6 Concluding remarks

This paper takes the traditional ancestral hall of Jiushan Village, a traditional Chinese village, as the research object, and uses the noncontact measurement technology combined with 3D laser scanning technology and tilt photography technology to carry out the comprehensive and fine 3D modeling application of ancient buildings. The following three conclusions are obtained:

  1. 1.

    The improved feature point matching algorithm is proposed to realize the accurate fusion of multisource data, which can quickly obtain the complete and omnidirectional three-dimensional space data of ancient buildings and provide data support for the modeling of ancient buildings.

  2. 2.

    Average error of fusion accuracy between laser point cloud data and tilt photogrammetry data constructed in this study is 1.6 cm, and the data fusion accuracy is high, which indicates that multisource data fusion has high accuracy.

  3. 3.

    Constructed 3D model compared with the actual measurement, the relative median errors of the eight objects of the constructed 3D model are 4, 7, 5, 4, 5, 4, 6 and 5 mm, and the average value is 5 mm, which meets the requirements of accurate modeling accuracy. Moreover, the relative median error of each object of the model is small and the modeling accuracy is high.

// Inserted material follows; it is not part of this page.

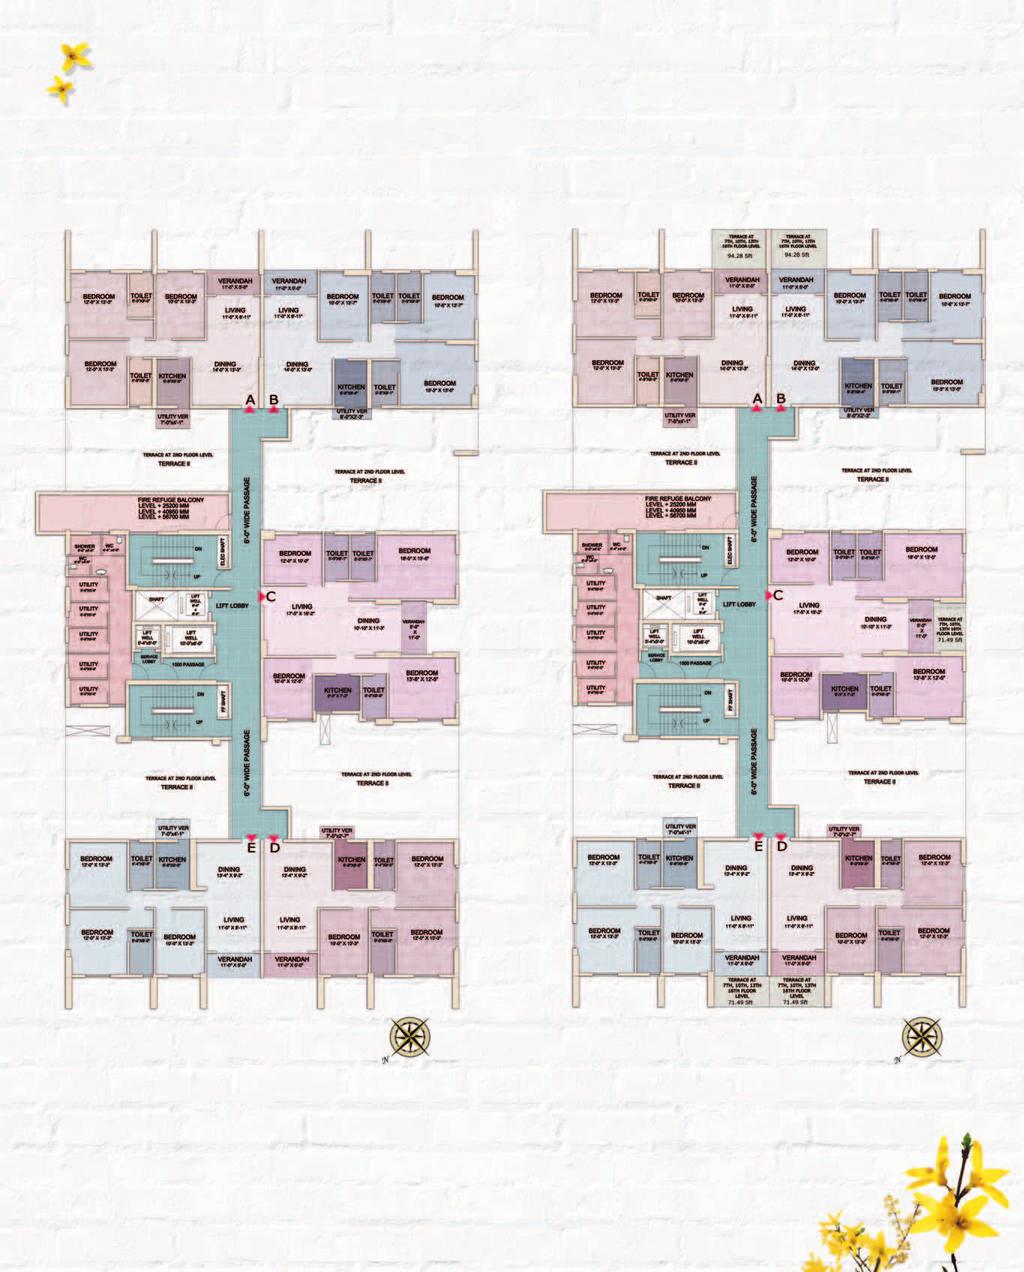 Typical Floor Plan without Terrace Plan of 3rd, 4th, 5th, 6th, 8th, 9th, 11th, 12th, 14th, 15th 17th &18th Floors Typical Floor Plan with Terrace Plan of 7th,10th,13th and16th Floors Area Statement

Application results show that this study can provide fine, omni-directional, complete two-dimensional information and data support of three-dimensional models for the restoration of ancient buildings. It can be displayed intuitively by 3D printing model, which has a positive effect on restoration, protection of ancient buildings, and the spread of clan culture. The scopes which should be revealed as a future perspective of this research work are: This study should be tested for large amount of data and more redundant data and the improvement should be investigated further for the extraction of some complex structures. In the future, the development direction is to improve the ability of information extraction and to build a big data platform with the integration of real-time data acquisition, transmission and information extraction, to further enhance the value of data acquisition, information extraction and archiving. Therefore, the modeling efficacy of the method used in this research is extra resourceful compared to the traditional method, At the same time, the 3D laser point cloud data and the ancient building data obtained by UAV tilt photogrammetry are more ample and complete, which is the original 3D spatial model data that can be recorded. This approach can provide the most original data support for scientific research personnel. This research method is determined to have a great benefit in constructing three-dimensional models of ancient architecture.